Table 1 Characteristics of studies included in the final meta-analysis of Ki-67 expression and prognosis of NSCLC

All studies included information on disease stage, and the proportion of stages I + II was 67.9 %. IHC was the only technique used to detect Ki-67 expression, using various antibodies and cut-off values (range, 5–50 %), and 2503 (44.70 %) tissue samples had ‘high’ Ki-67 expression (Table 1).
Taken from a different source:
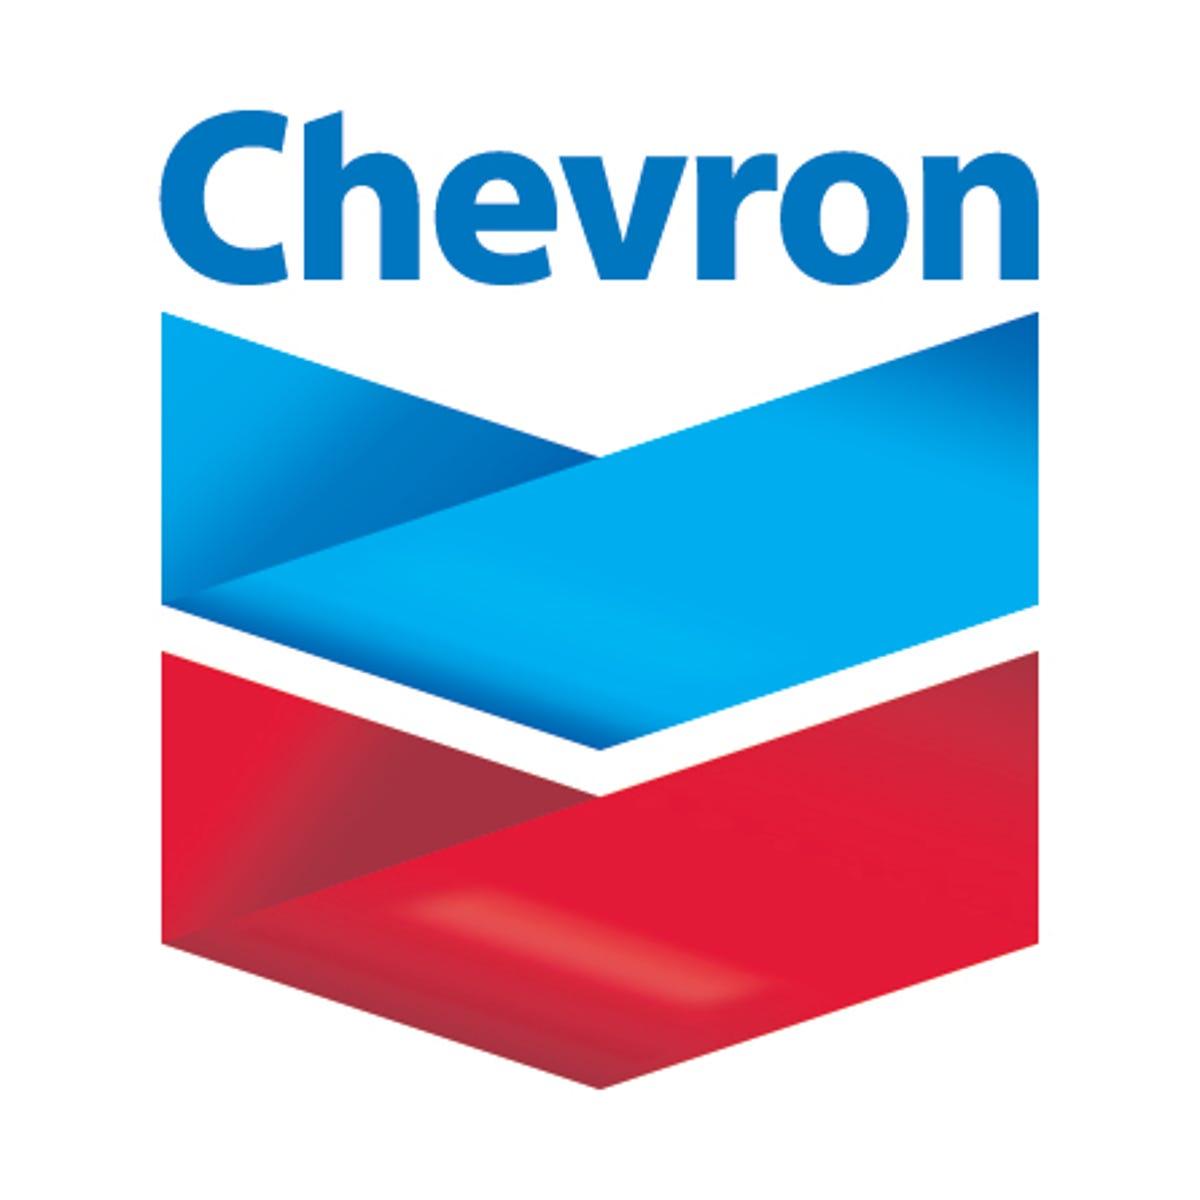 Chevron-Anadarko merger stalled after insider trading
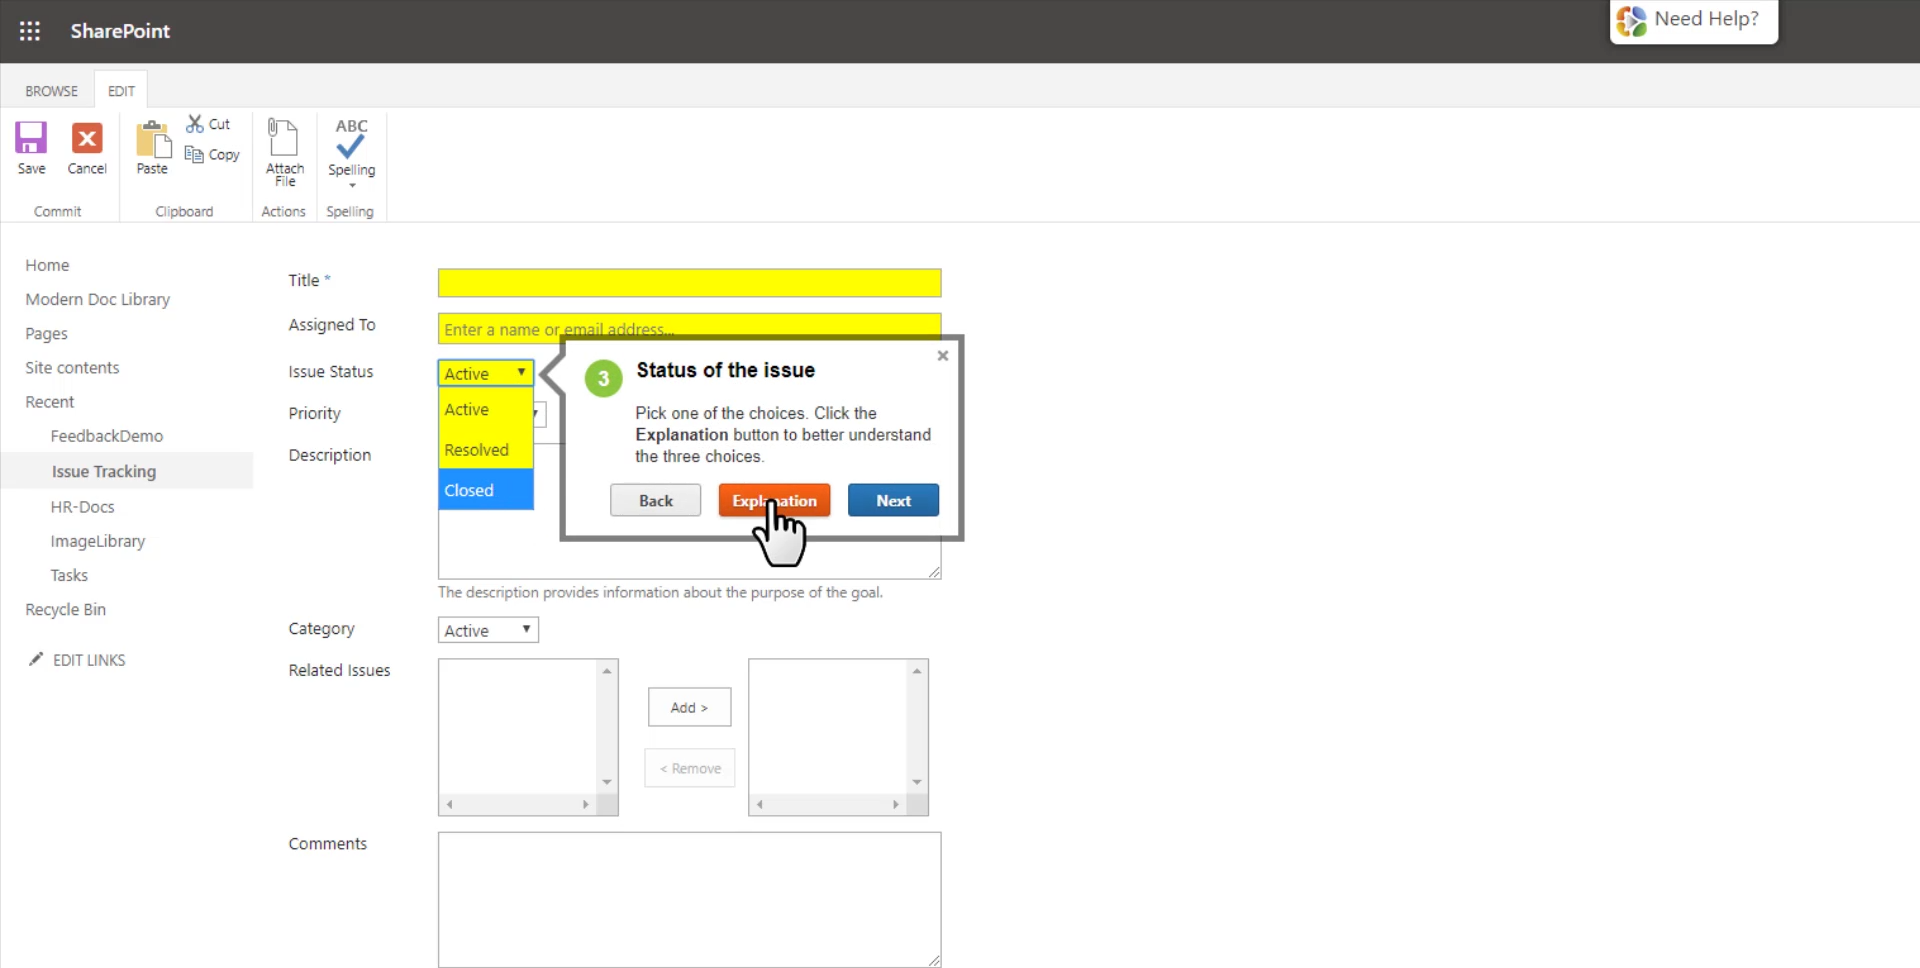 Explaining how to fill a form VisualSP 2

Of the 32 studies, 19 provided HR and 95 % CI values directly, whereas in the other 13 studies, they were calculated from available data (n = 6) or from Kaplan–Meier survival curves (n = 7), as described by Tierney [48]. Of the 32 studies, 20 identified high Ki-67 expression as an indicator of poor prognosis, whereas the remaining 12 studies showed no significant effect of high Ki-67 expression on survival outcome.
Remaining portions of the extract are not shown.